Rick Jardine

    Rick Jardine

    Professor and Canada Research Chair
    Ph.D., University of British Columbia (1981)

    Specializations:

    Algebraic K-theory, Algebraic Topology, Algebraic Geometry, Category Theory

    Current research interests

    Simplicial sheaves and presheaves, Cohomology of algebraic groups, Motivic homotopy theory


Telephone: 519-661-3638 x 86516
Fax: 519-661-3610

E-mail: jardine@uwo.ca


Jardine's research is in homotopy theory and its applications.

Algebraic topology is the study of algebraic approximations of space, and has been one of the driving forces of Mathematics since early in the twentieth century; it effectively began with the work of Poincaré in the late 1890s. The theory acquired great depth and computational power over the years, and achieved a precise level of axiomatic simplicity with Quillen's introduction of closed model structures in the 1960s. At the same time, the Grothendieck school in Paris began a grand project to apply the wealth of homotopy theoretic calculational methods to algebraic geometry and number theory. This enterprise continues to this day, and has always been a central theme of research in algebraic K-theory.

The modern period for this branch of homotopy theory began in the mid 1980s with the discovery of closed model structures for wide classes of simplicial objects in algebraic geometry by Jardine and Joyal, and has progressed in recent years with the introduction of motivic homotopy theory by Morel and Voevodsky in connection with Voevodsky's celebrated proof of the Milnor Conjecture. These homotopy theories that arise in algebraic geometry are widely applicable: every sheaf cohomology invariant, for example, is represented by a presheaf of spectra in an appropriate stable homotopy category. It is also clear now, as a result of ongoing research of Jardine and others, that the homotopy theory of simplicial presheaves is the right context for non-abelian cohomology theories, and for the theory of stacks and higher stacks.

Jardine is the coauthor, with Paul Goerss (Northwestern University), of the book Simplicial Homotopy Theory, which was published by Birkhäuser in 1999. The book was the first to appear in the subject in over 25 years; it describes much of the present state of the art in the combinatorial approach to homotopy theory.

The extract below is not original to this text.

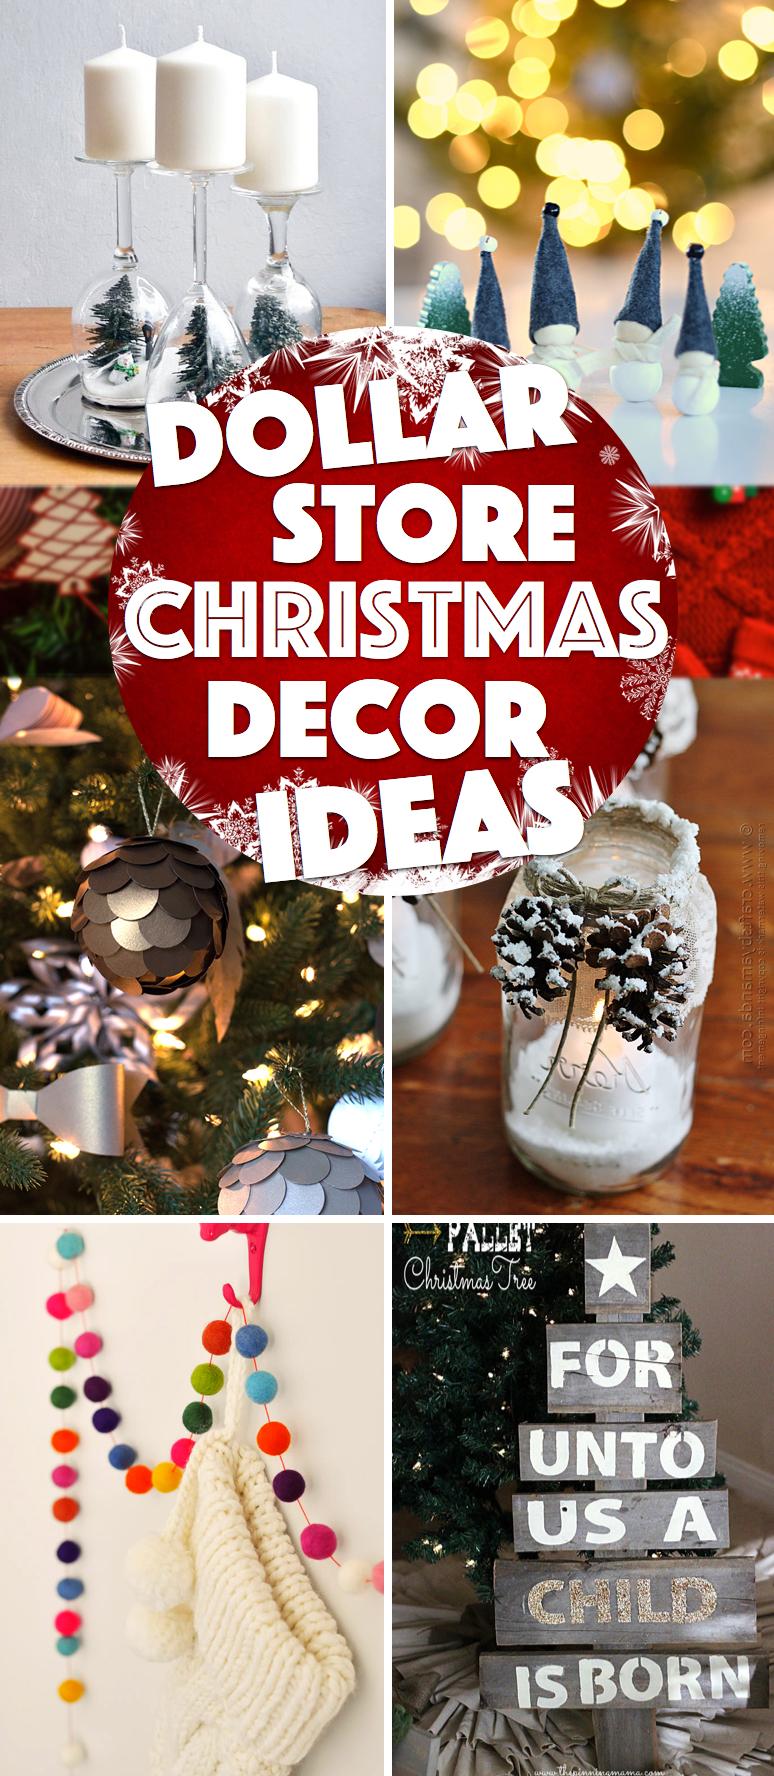 39 Oh So Gorgeous Dollar Store Diy Christmas Decor Ideas To

Combinatorial homotopy theory is used throughout modern Mathematics, and is finding new applications in Science and Engineering, particularly in the study of networks, the development of models for parallel processing, and geometric analysis of large data sets. Jardine is the cofounder, with Gunnar Carlsson of Stanford University, of the "Algebraic Topological Methods in Computer Science" conference series (held at Stanford in 2001, Western Ontario in 2004, and Paris VII in 2008), and was a co-organizer for the research program "Computational Applications of Algebraic Topology" which was held at the Mathematical Science Research Institute in Berkeley through the Fall of 2006. Jardine was the Lead Organizer for the research program "Geometric Applications of Homotopy Theory" which ran at the Fields Institute during the first six months of 2007.

Jardine is the cofounder, with Dan Grayson (University of Illinois at Urbana-Champaign), of the Algebraic K-theory Preprint Archive at the University of Illinois at Urbana-Champaign. This was one of the original subject-area preprint servers in Mathematics, and is still among the most successful. Grayson and Jardine are joint cofounders of the Great Lakes K-theory series of conferences, which began in 1995 and has since been held on an annual basis.